= Winifred Hall Allen =

American photographer

Winifred Hall Allen (born Winnifred Hall; March 21, 1911 – ) was a Jamaican-American photographer who documented the Great Depression and the Harlem Renaissance. Her work explored the role of African Americans within professional and social realms. Her identity as a female African-American artist facilitated her ability to photograph within various Harlem communities.

== Early life ==
Allen was born in Clarendon, Jamaica to Charles Hall and Rebecca Lumden.
At the age of 18, Allen moved to New York City, where she attended the New York Institute of Photography. She completed an apprenticeship at the Woodward Studio in New York City and ultimately assumed ownership of the space when Woodward relocated to Chicago. She later renamed the studio "Winifred Hall Photo Studio". She was married to Fred Allen for many years and trained him to assist in her photography work before they separated. She became a U.S. citizen in 1946.

== Career ==
The initiation of Allen's photography career coincided with the establishment of the New Deal, and she became one of the leading photographic contributors for black newspapers and black-oriented foundations. Under the New Deal, Harlem could be photographed in a more realistic fashion, one that countered previous sensationalized representations. Like acclaimed contemporary James Van Der Zee, Allen's sought to "advance the race" through her work. Allen made a living from photography in the 1930s and 1940s working as a portrait photographer. Her documentation of birthday parties, weddings, club celebrations, as well as a variety of other social occasions brought further attention to the realities of Harlem society.

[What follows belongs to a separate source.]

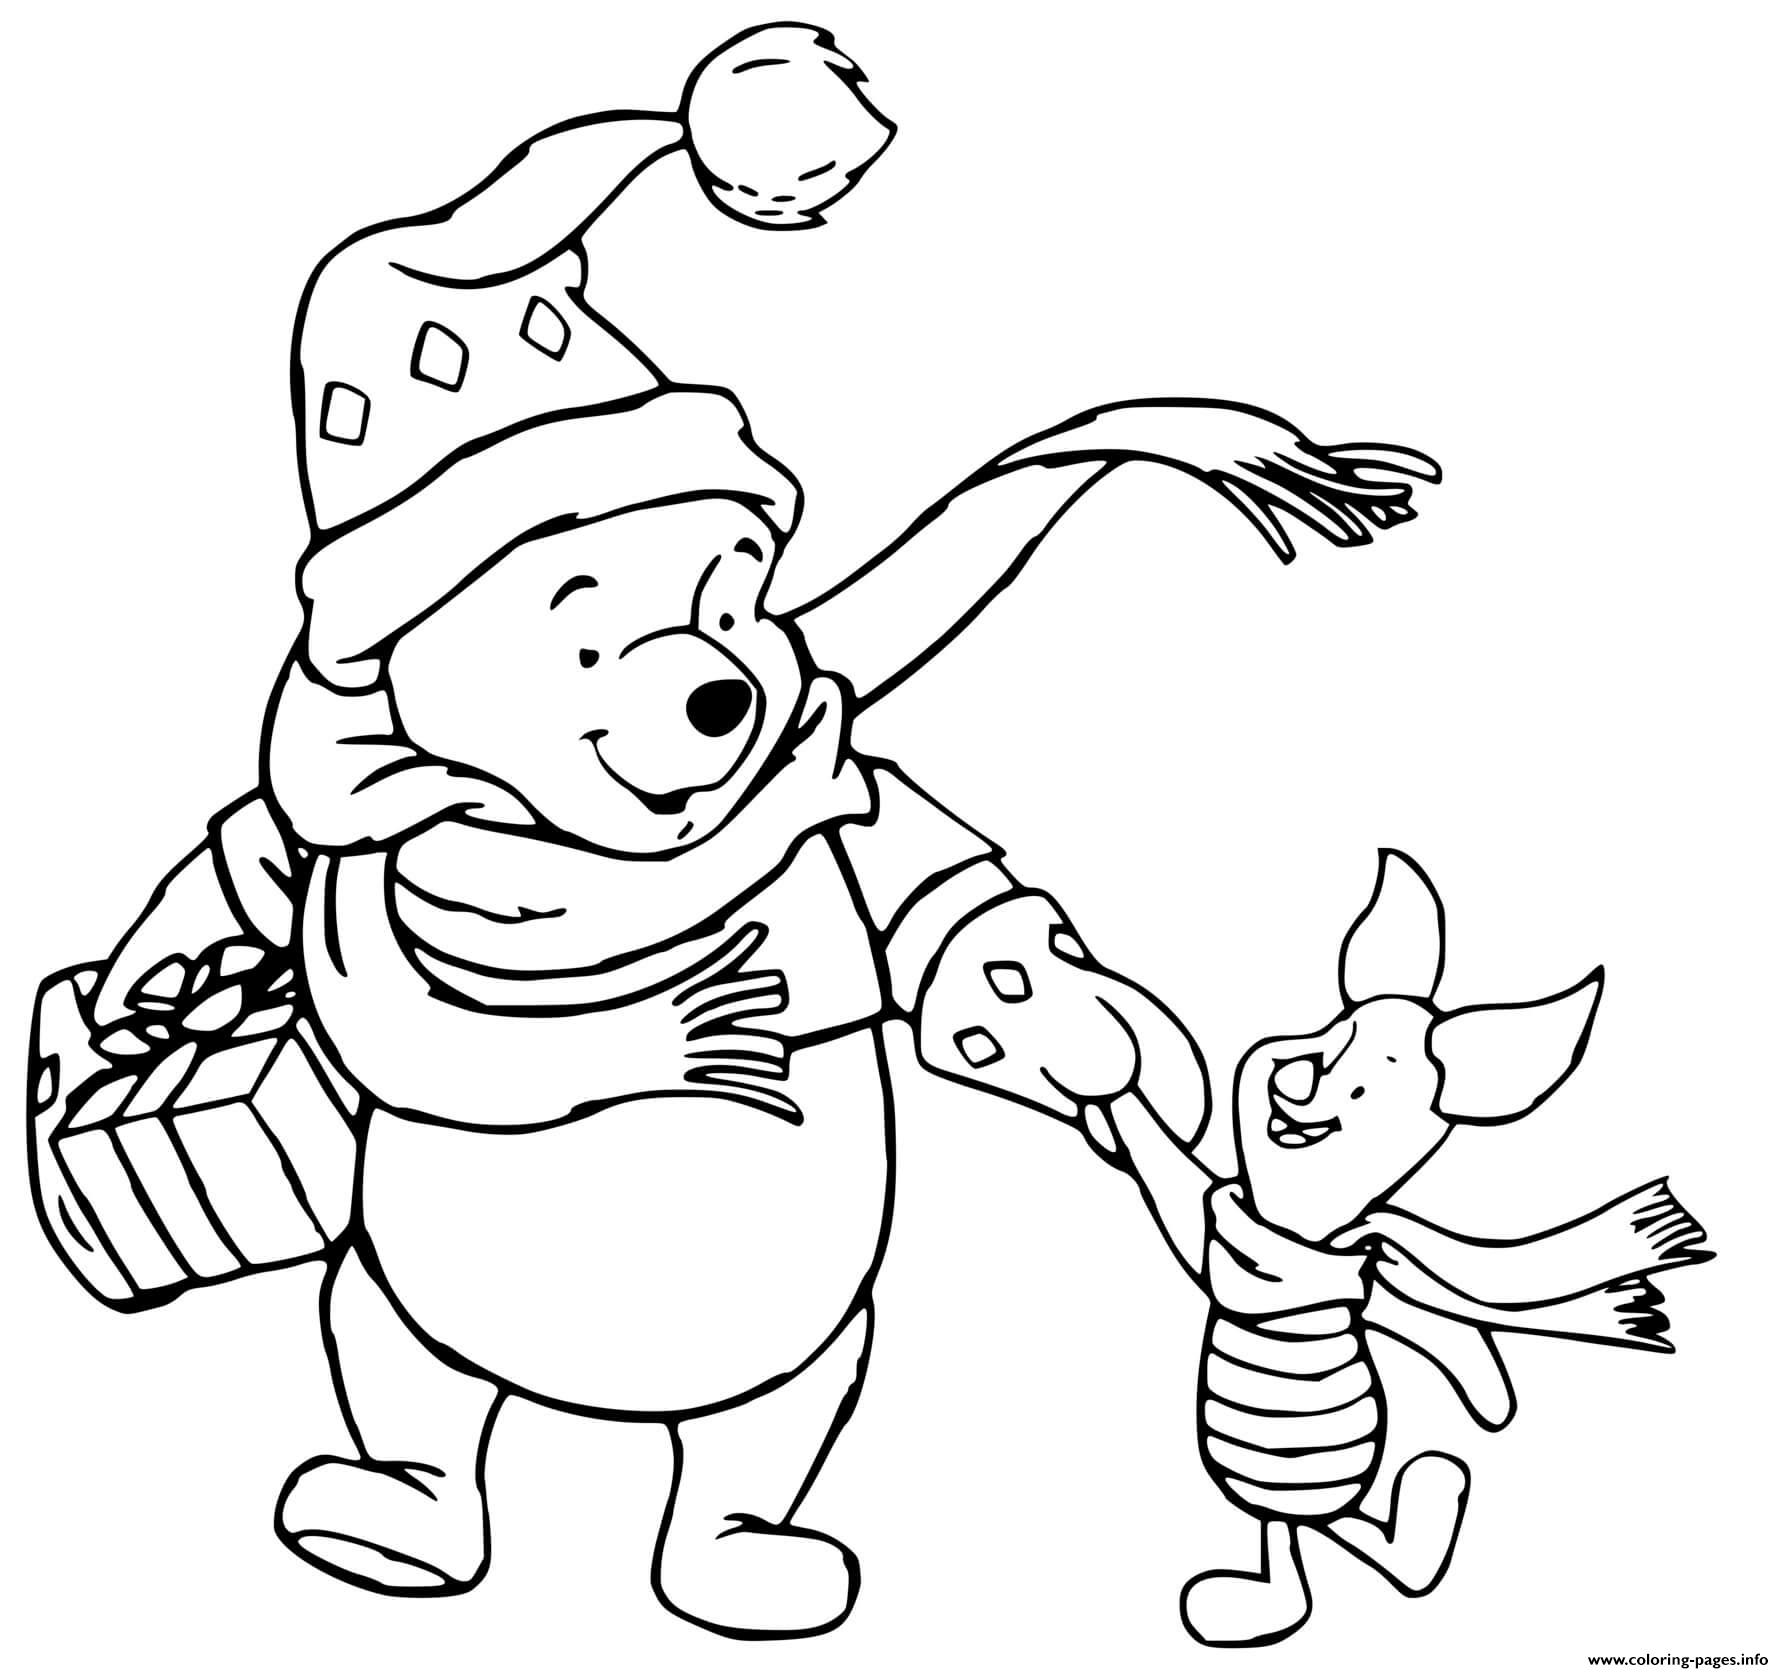 Pooh Piglet Hand In Hand coloring

Allen chose not to exhibit any of her work in galleries or exhibitions. The only photographs that have been published are courtesy of Jeanne Moutoussamy-Ashe, who visited Allen at her studio to conduct an interview. Moutoussammy found three boxes of negatives in Allen's closet and persuaded Allen to donate some to her. The remaining body of Allen's work was destroyed by Allen herself, as she thought they held no value.

== Recognition ==
Most of the recognition that Allen has received has been by writers, who often discuss her work in relation to other female African-American photographers of the 1930s. However, her location within the Harlem community has also commonly invoked a connection between her work and that of James Van Der Zee.

== Publications ==
In 1986, Jeanne Moutoussamy-Ashe published 21 of Hall's photographs, which had never been published in any other source previously.